Groom’s Guide To Writing Your Own Vows

Image by Mr. Edwards Photography via Jane and Alexander’s Modern Sydney Royal Botanic Gardens Wedding

Your suit is ready, your shoes are shined and you are ready to get married to the love of your life. But wait, you are staring into the computer screen or speech card and it is all a blank – how do I tell the love of my life how much she means to me? Should I make it funny? While it is safer to leave most of the talking to the officiant or celebrant, personalising your own vows will make your wedding all the more special. Here’s a guide for grooms to personalise and write your own vows.

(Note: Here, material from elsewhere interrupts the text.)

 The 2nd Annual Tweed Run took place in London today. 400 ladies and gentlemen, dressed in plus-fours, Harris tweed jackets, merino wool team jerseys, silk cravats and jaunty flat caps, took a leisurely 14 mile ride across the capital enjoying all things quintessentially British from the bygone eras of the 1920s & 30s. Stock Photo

Read some vow examples for inspiration
If you have no idea where and how to start writing your own vows, start by reading traditional, by-the-book vows from your own religion if you practice a certain faith to see what strikes a chord with you. If religion doesn’t resonate with you, the internet is a treasure trove of sample vows and musings of love.

This compilation of love quotes from movies and literatures will provide boundless inspiration. Once you have found a few you love, incorporate these samples into the original words you write, or use the format as a starting point.

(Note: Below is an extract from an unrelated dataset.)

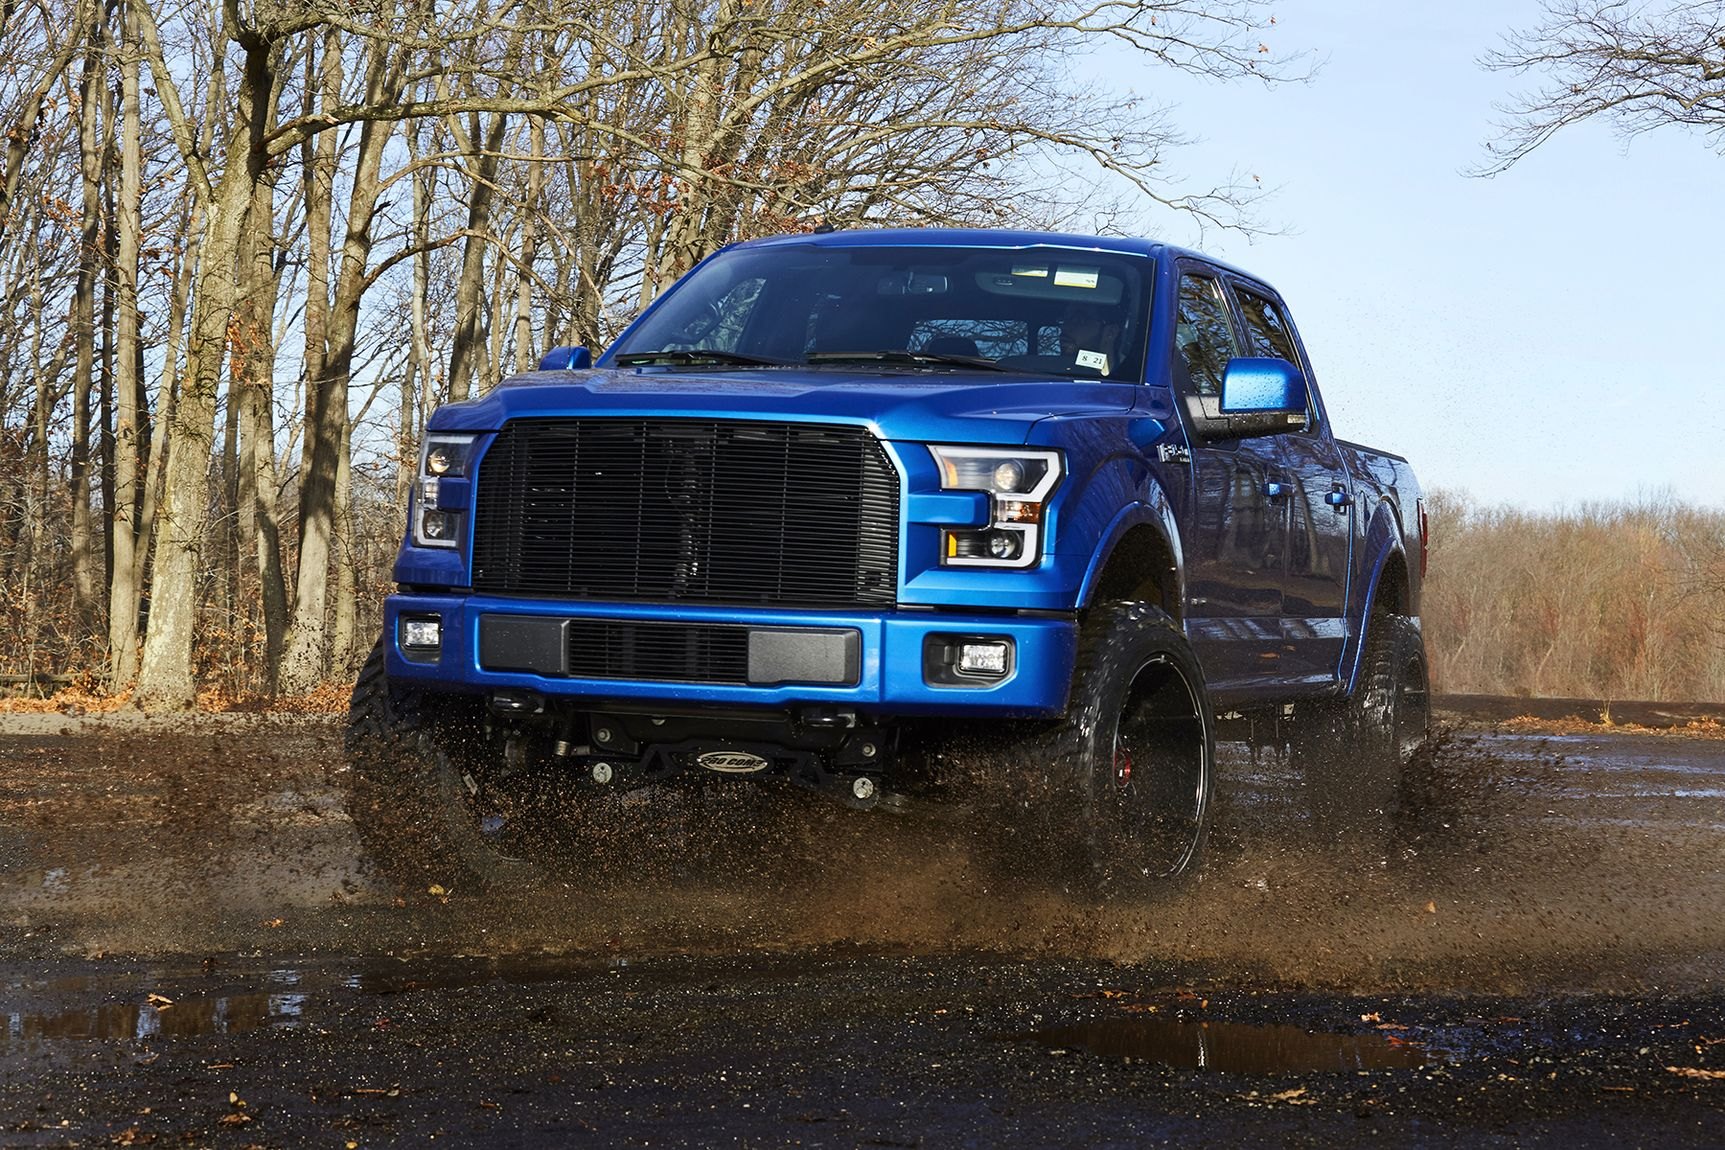 Blacked Out Billet Grille on Blue Lifted Ford F-150 - Photo by CARiD

Agree on format and tone with your fiancée
Although most couple prefer to keep their vows from each other until the wedding day, it is a good idea to discuss with each other beforehand how you want our vows to come across. Do you envision them to be humorous? Poetic and romantic? Or a bit of everything. Finally, go over the logistics too – will you write the vows separately or together?

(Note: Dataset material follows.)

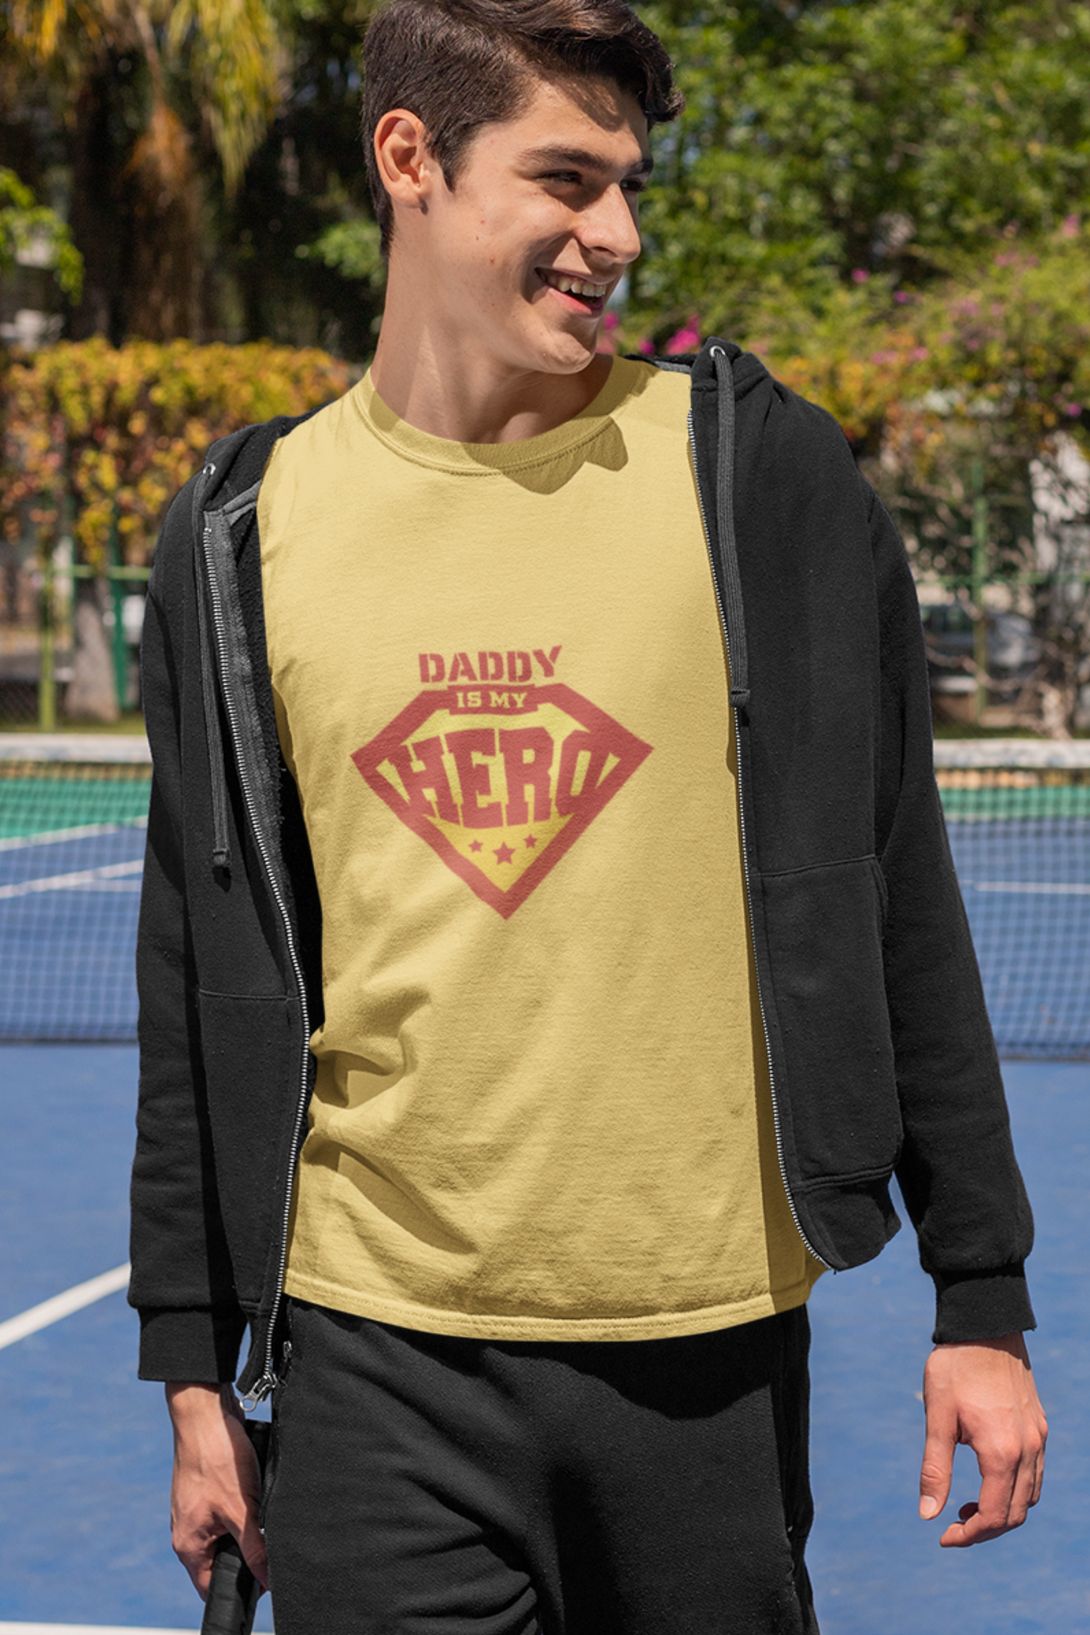 Daddy Is My Hero Printed T-Shirt For Men - WowWaves - 5

Include a promise or a few promises
Promises are the most important part of your vows. But remember not to make promises that are impossible to keep. Include promises that are broad in scope, such as “I promise to always support and honour you,” as well as promises that are very specific to the two of our, like “I promise to kiss you every night before bed”.

Jot down notes about your relationship
If you are still stuck on writing your vows, take some time to reflect on your fiancée. Think about how you felt when you first met, what made you fall in love, the time you spent together and when you knew you wanted to spend the rest of your lives together. Write it all down to get your creative gears turning. Here’s a handy list to help you get started:

  • When and how did you meet?
  • Why did you decide to get married?
  • What have you supported each other through?
  • What challenges do you envision in your future?
  • What do you want to accomplish in the future?

pretty-rustic-waterside20161011_3125

Image by Rose Photos via Beth & Brad’s Pretty Rustic Waterside Wedding

Write it all out
Now that you have notes, you are ready to start writing your first draft. Do not worry about the structure at this stage. Just write! It’s called a draft for a reason. Once you’ve completed your draft, establish a structure according to a four-part outline: Affirm your love, praise your partner, offer promises and close with a final vow. Another way to organise it is to start with a short story and then circle back to it at the end.

Avoid clichés
Now that you have a structured first draft, it is time to make edits. Although borrowing quotes from literature and movies can help to elevate the romantic tone, you don’t want to let someone else’s words overpower your own. You want your vows to sound like you and relate to your relationship. Don’t rely on clichés to get your point across. Instead, come up with a specific example from your relationship that has a similar message.

Avoid anything too cryptic of embarrassing
Make sure that your guests feel included in the moment too. Avoid inside jokes, deeply personal anecdotes and obscure nicknames or code words. A good way to make sure your vows are relatable is to think about how your vows will sound to you ten years from now. If they make you cringe, it is back to the drawing board! Have a friend or family member read them over ahead of time for feedback.

Keep it short
Your vows are important, but that doesn’t mean they should drag on. When someone says something in a very meaningful way, it doesn’t need to be said over and over. Pick the most important points and make them. Put the more personal thoughts in a letter of gift to your fiancée the morning of your wedding and save any guest-related topics for your toasts.

Intimate Montville Wedding - Polka Dot Bride

Image via Matt Rowe Photography via Melanie & Phil’s Intimate Montville Wedding

Practice out loud
The best way to be sure with your vows is to practice out loud. Your vows should be easy to say and sound conventional. As you recite, listen out for any tongue-twisters and super-long sentences, then cut them. Avoid jargons such as “aforementioned” or “with regards”; phrases commonly used in corporate settings and emails can sound technical and cold.

Make a clean copy for yourself
The paper you read from should be legible, so even if you are working on it right up until before your ceremony, use a fresh piece of paper free of cross-outs, arrows and notes. Give some thought to the presentation too because it will end up in the photos. Many millennial grooms today prefer to recite their vows from a handheld device such as a mobile phone or tablet. However, always have a paper back up in case the mobile phone stops working. Many wedding stationery printers can supply a nice note card that matches the wedding colours or a little notebook or pad.

Swirl divider

Ms Chinoiserie Says: I love the idea about making a few cute promises that relate back to you and your fiancée; so romantic and heartfelt!